Benchmarking UMI clustering tools for accurate detection of low-frequency variants from deep sequencing

Accurate detection of low-frequency variants utilizing next-generation sequencing (NGS) is of paramount importance in both biomedical research and clinical diagnosis. However, its analytical sensitivity is impeded by NGS's inherently high error rates. An efficient solution employs unique molecular identifiers (UMIs) to tag individual DNA molecules before amplification to mitigate NGS errors. Nevertheless, UMIs are prone to collisions and amplification- or sequencing-induced errors, leading to the inaccurate clustering of UMI-tagged data. Multiple UMI clustering tools have been proposed to address these challenges; however, a systematic evaluation of their impact on low-frequency variant detection remains lacking.

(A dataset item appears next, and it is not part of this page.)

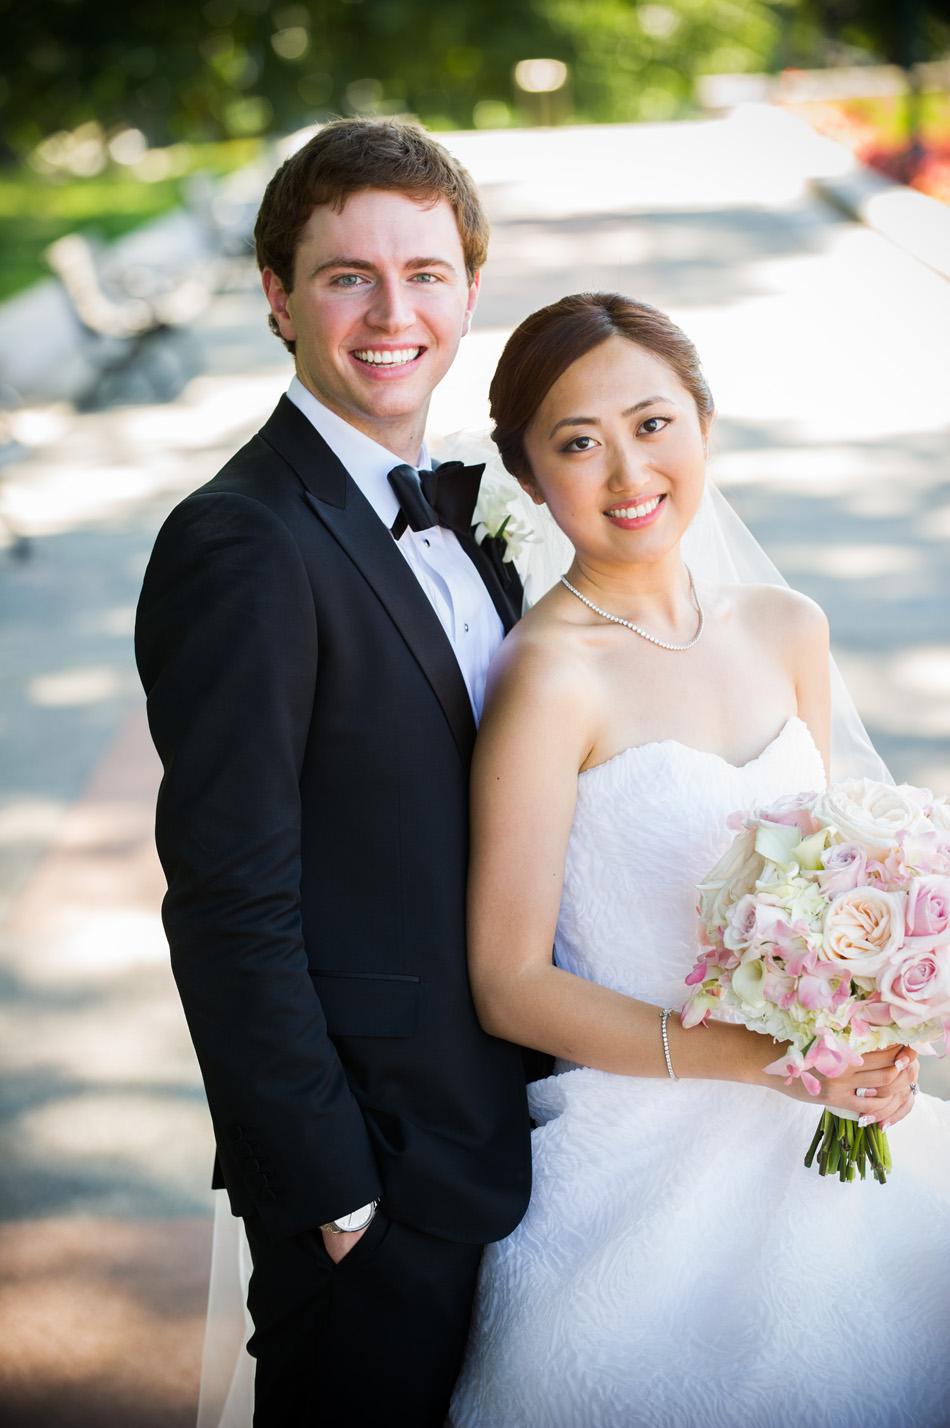 FreedPhotography_DC Wedding_020

Here, we conducted a comprehensive benchmarking of eight UMI clustering tools-AmpUMI, Calib, CD-HIT, Du Novo, Rainbow, Starcode, UMICollapse, and UMI-Tools-utilizing simulated, reference, and sample datasets to evaluate their clustering efficiency, low-frequency variant detection accuracy, and computational performance. UMI utilization and read family counts are largely consistent across tools, while data loss differs markedly among clustering algorithms. The sensitivities of all tools, except AmpUMI, are influenced by both variant allele frequencies (VAFs) and sequencing depths. Conversely, the precisions and F1 scores of most tools-excluding AmpUMI, CD-HIT, and UMICollapse-exhibit a stronger dependence on sequencing depth as VAFs decreased. Furthermore, UMI clustering tools demonstrate a substantial reduction in false-positive (FP) calls across datasets. Concerning computational efficiency, AmpUMI achieves the fastest execution, Rainbow exhibits the lowest memory consumption, and Calib performs robustly in both aspects, particularly on small datasets. Overall, Calib exhibits the most balanced performance and is recommended for UMI clustering in low-frequency variant calling. These findings may provide valuable insights for improving variant detection and advancing the development of UMI clustering algorithms.